-- The task --
Write the data out again exactly, with every picture removed.

-- Raw data --
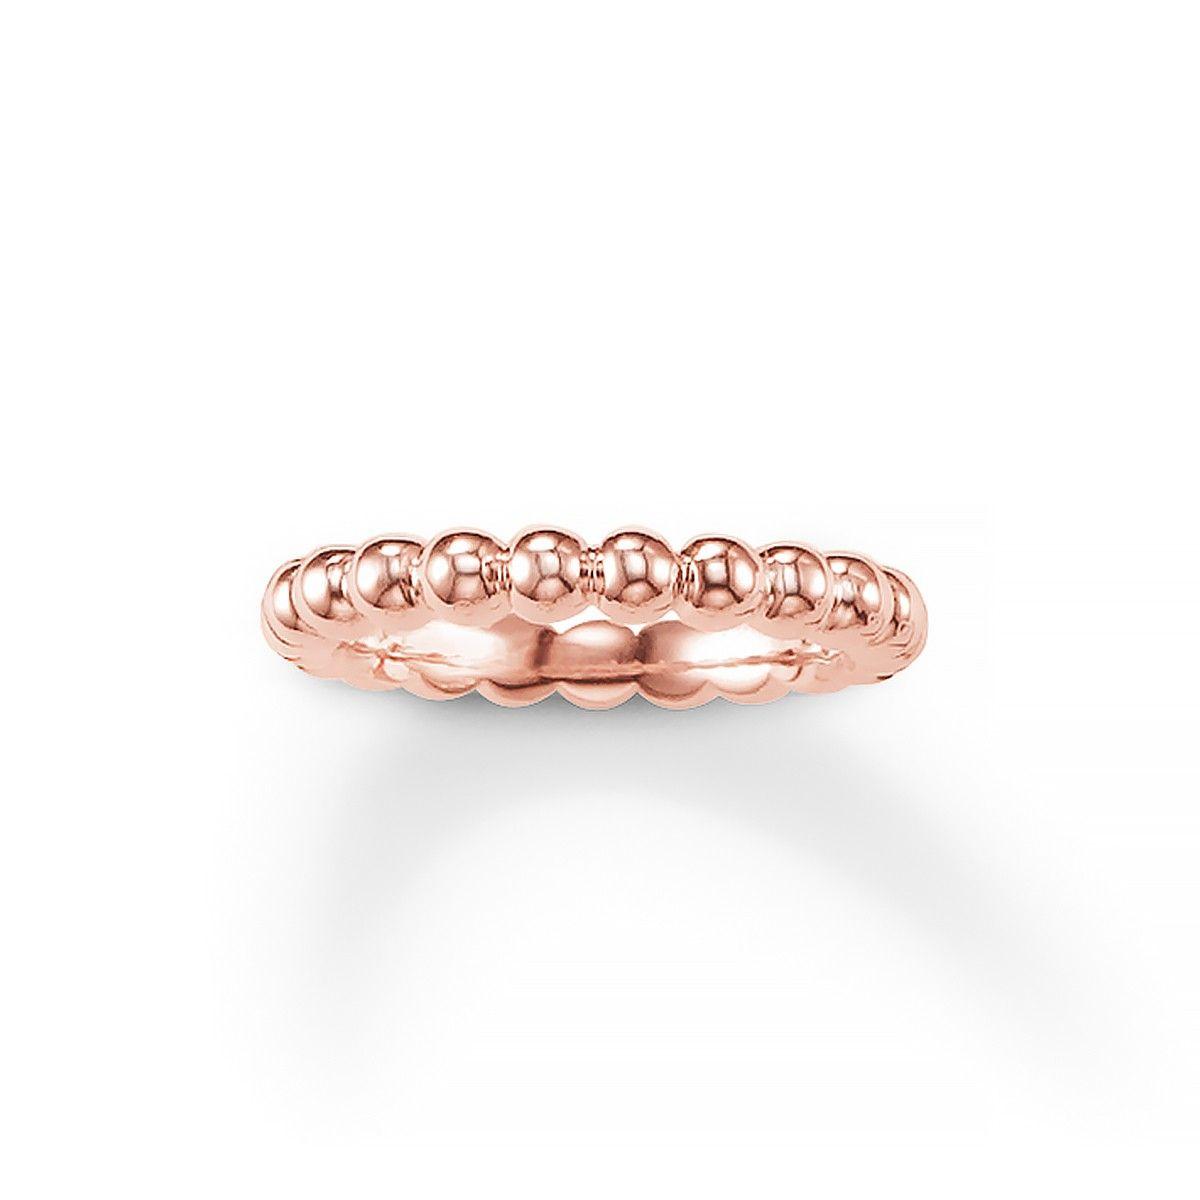 Thomas Sabo Thomas Sabo Designers Rose Gold Plated Ring Beaded Rings Rose Gold
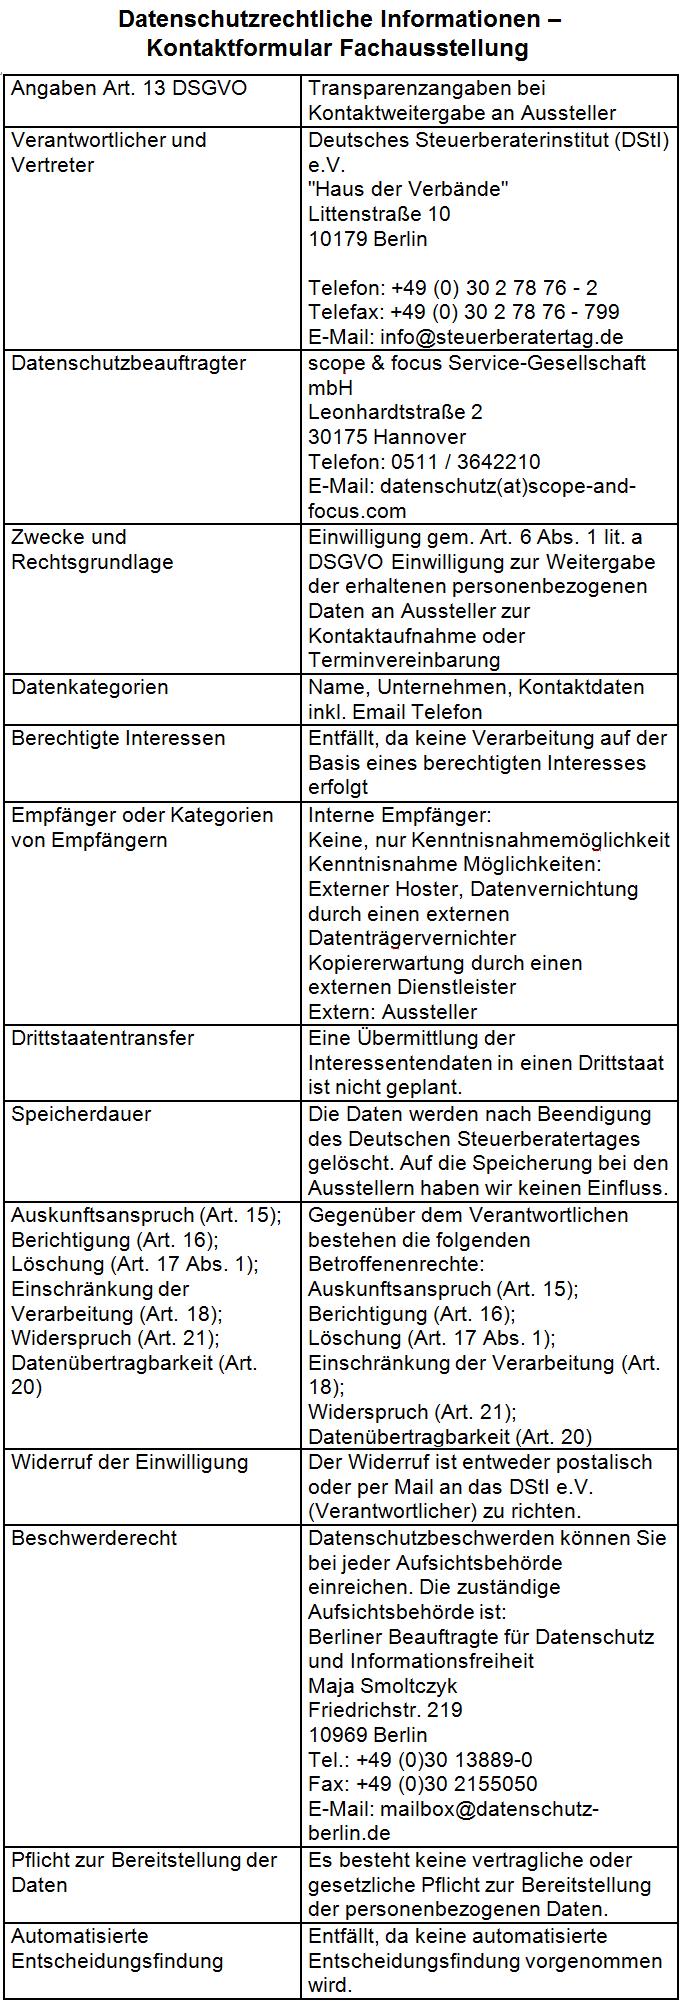 datenschutz Kontaktformular.png
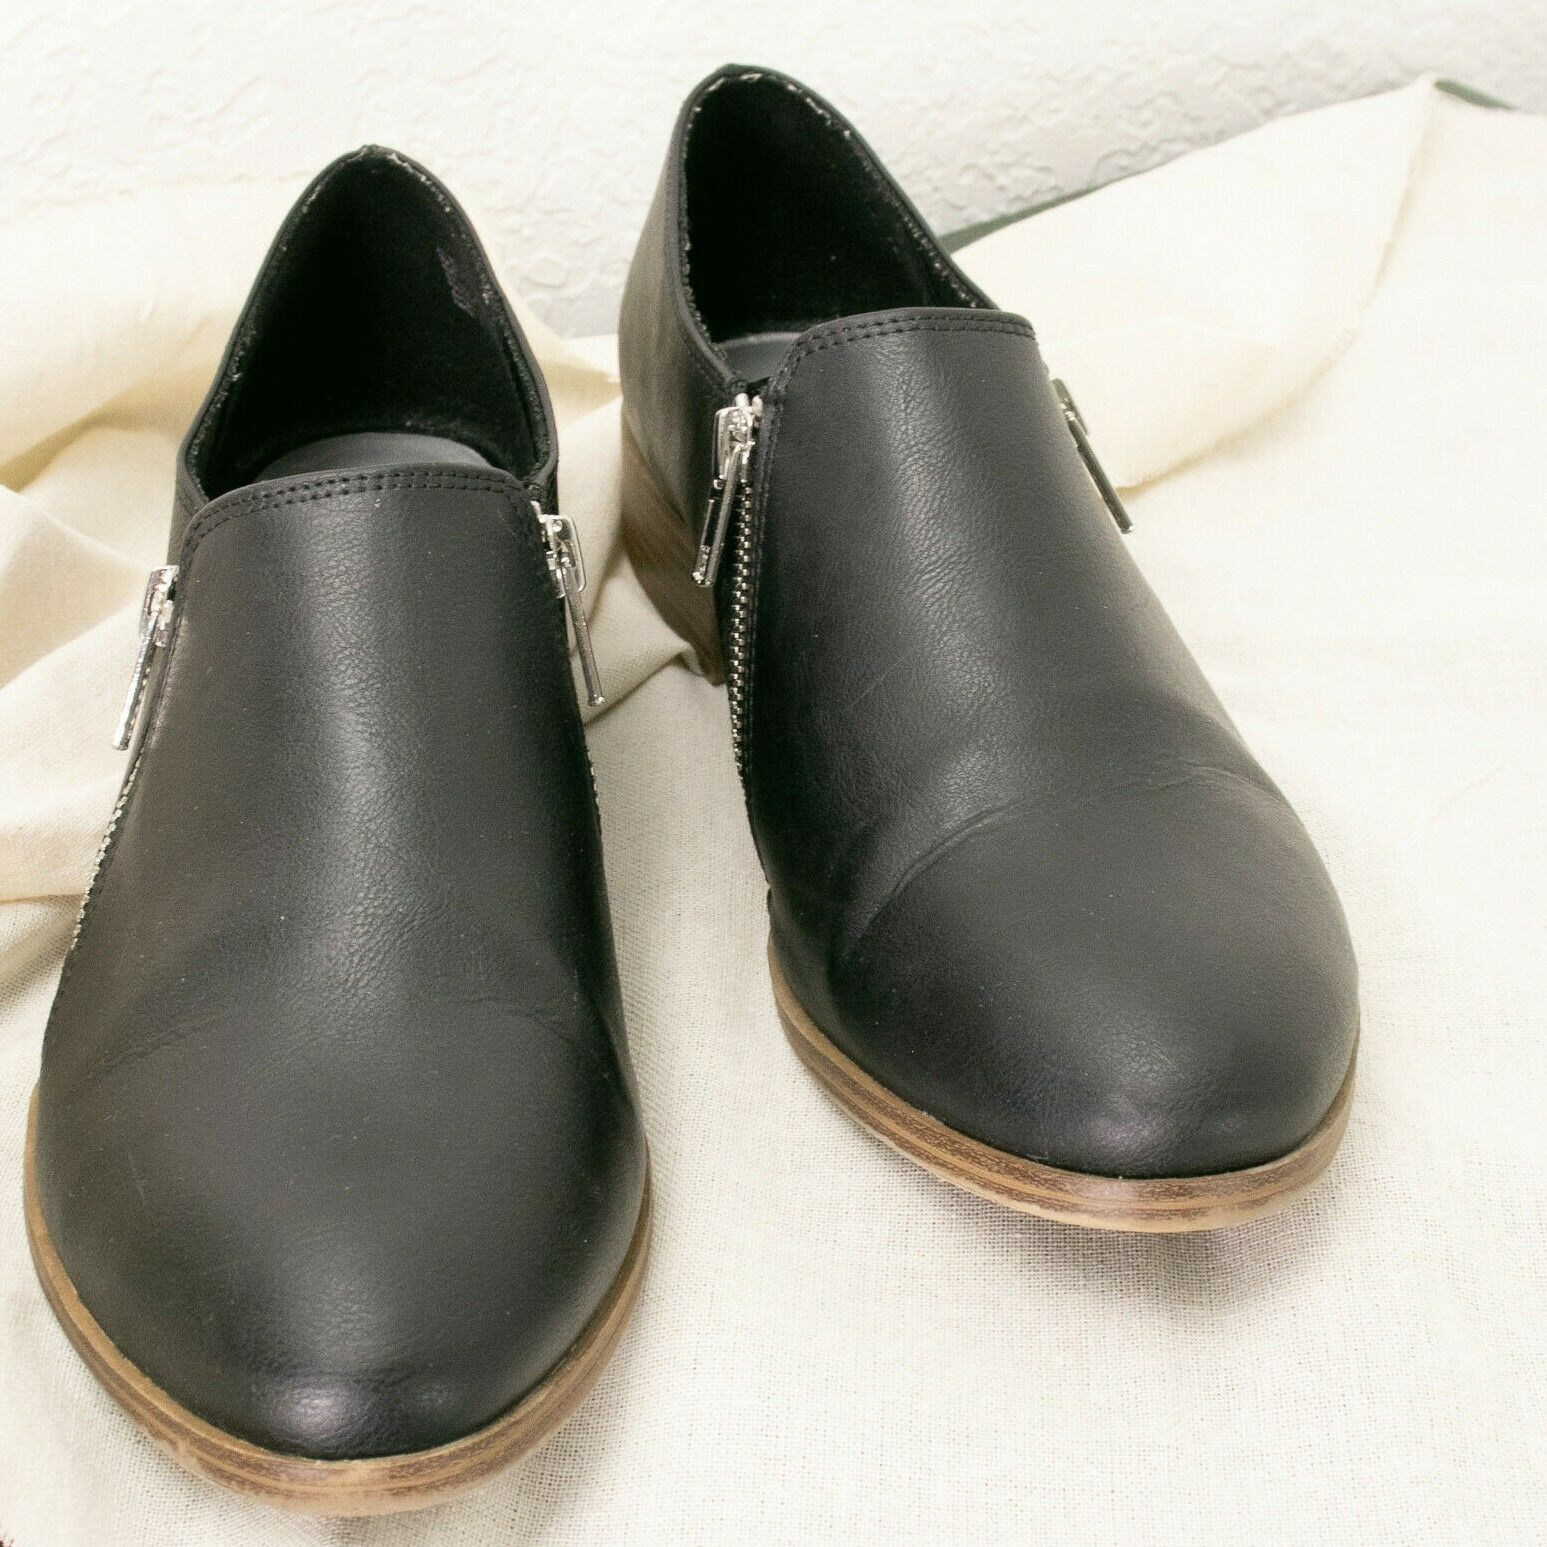 American Eagle Outfitters Dara Duel Zip Cheville Bootie Chaussure | Noir Sz 10 W EUC

-- Exercise response --
 Thomas Sabo Thomas Sabo Designers Rose Gold Plated Ring Beaded Rings Rose Gold
 datenschutz Kontaktformular.png
 American Eagle Outfitters Dara Duel Zip Cheville Bootie Chaussure | Noir Sz 10 W EUC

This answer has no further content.